The United States is still China’s top trading partner overall, accounting for 18.4% of exports in 2009 with some $298 billion in bilateral trade. Japan, Hong Kong and South Korea follow. A number of European countries—Germany, the Netherlands and the United Kingdom—are next, followed by Asia Pacific partners Singapore, India and Australia.
So China is far from being able to do without the West. But it is coming into its own as a vital pillar of support for Asian economies, particularly at a time Western demand is lagging.
“It is not true that China can replace the demand from the developed world,” says Yao. “It provides some hedge, or some cushion. But it’s not that we don’t need the U.S. anymore.”
China’s strong domestic demand, though, is shifting the focus, something that’s clearer when you look at where China turns for its imports. Its top suppliers are Japan, South Korea and Taiwan, followed by the United States—much as you might expect for a nation known for low-value added assembly, re-exporting finished goods.
But look further down the list of its ten-largest importers, and China’s importance to emerging markets is clear: Malaysia, Brazil, Thailand and Saudi Arabia are all top suppliers to China, after the developed economies of Germany and Australia. China has also invested heavily in Africa, for so long a no-go zone for Western capital. (See quiz.)
Not everyone, however, agrees that China’s role as a trade destination represents a major shift.
Deutsche Bank still argues that any decoupling of Asian economies from the West thanks to China is still a long way off.
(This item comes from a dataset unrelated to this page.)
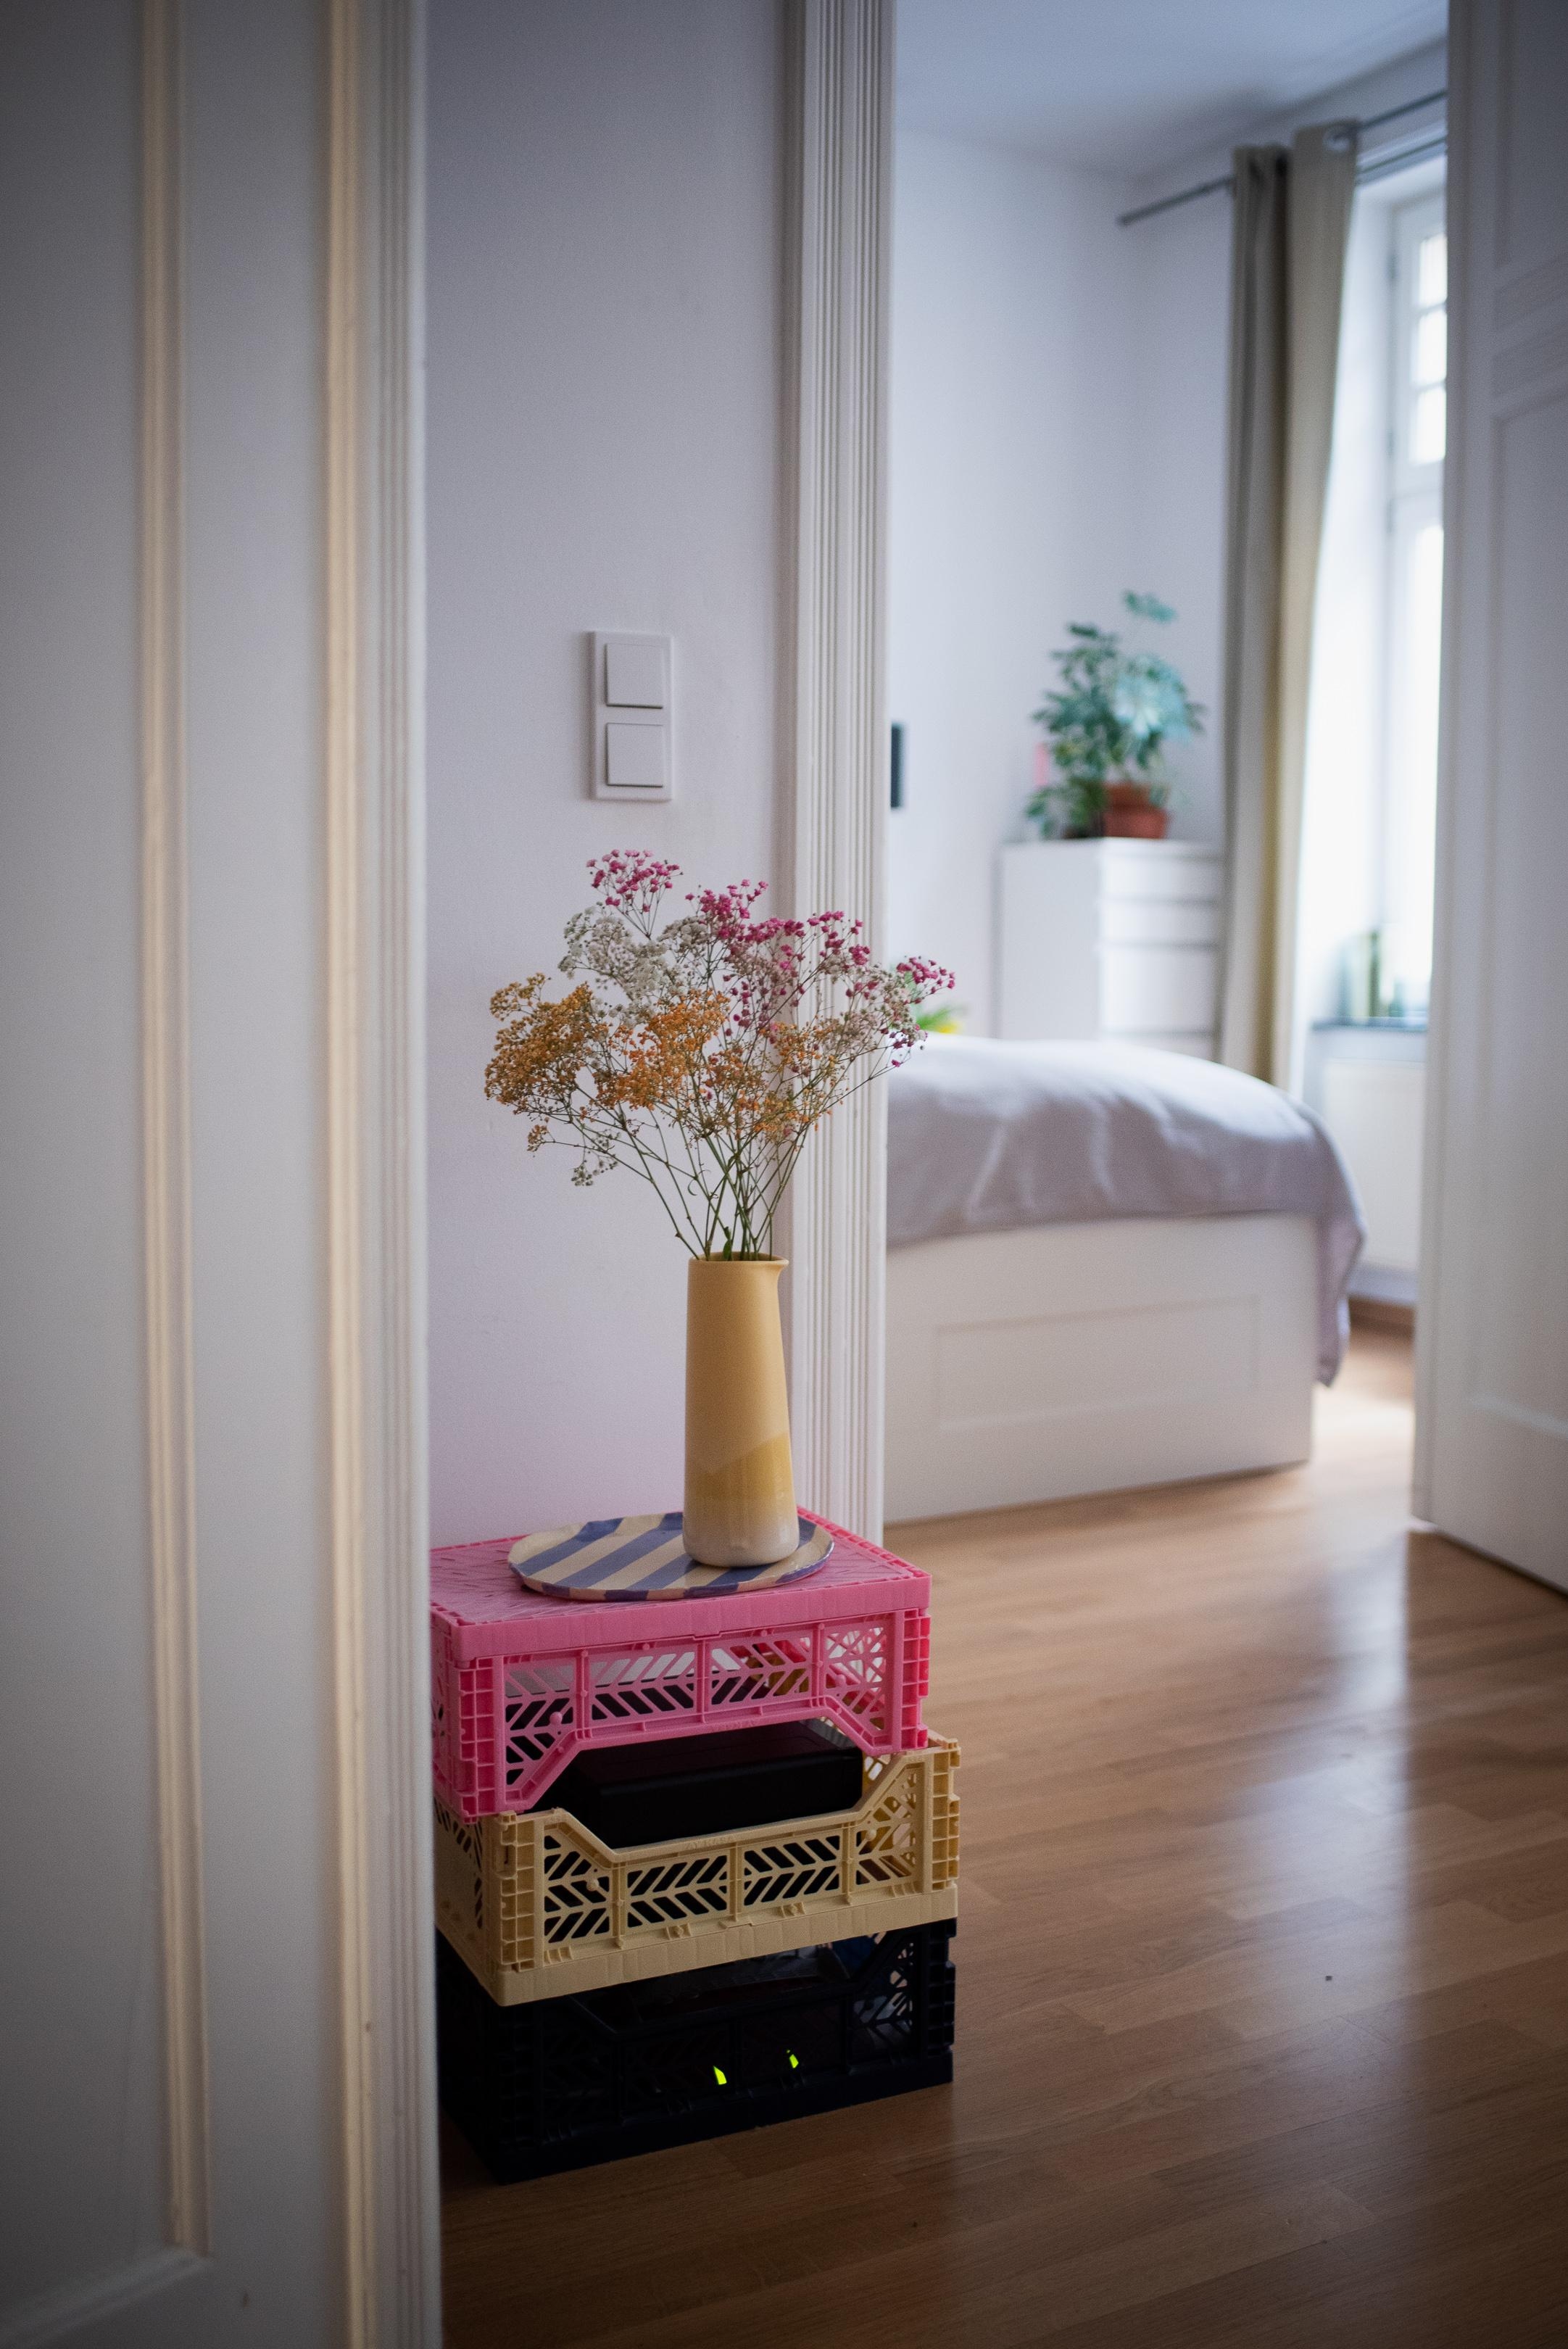 Der Frühling kommt! #vase #blumen #schlafzimmer #deko #interiorinspo

In its outlook for 2011, the firm cites data from the Asian Development Bank demonstrating final demand in Asia accounted for only 29 percent of Asian exports in 2008, whereas the United States and Europe make up virtually half, 46 percent, of demand for Asian goods.
Deutsche’s analysis suggests China, India and Indonesia are big enough to stand on their own, thanks to strong consumer demand, but smaller economies like Singapore, Hong Kong, Taiwan, Malaysia, Thailand, South Korea, the Philippines—and even a heavyweight like Japan—still have a high dependence on Western growth.
“While demand in China is becoming more important over time as a driver in its neighbors’ economies, it is not yet important enough to significantly decouple these small open economies from the U.S./E.U. business cycle,” the German investment bank concludes.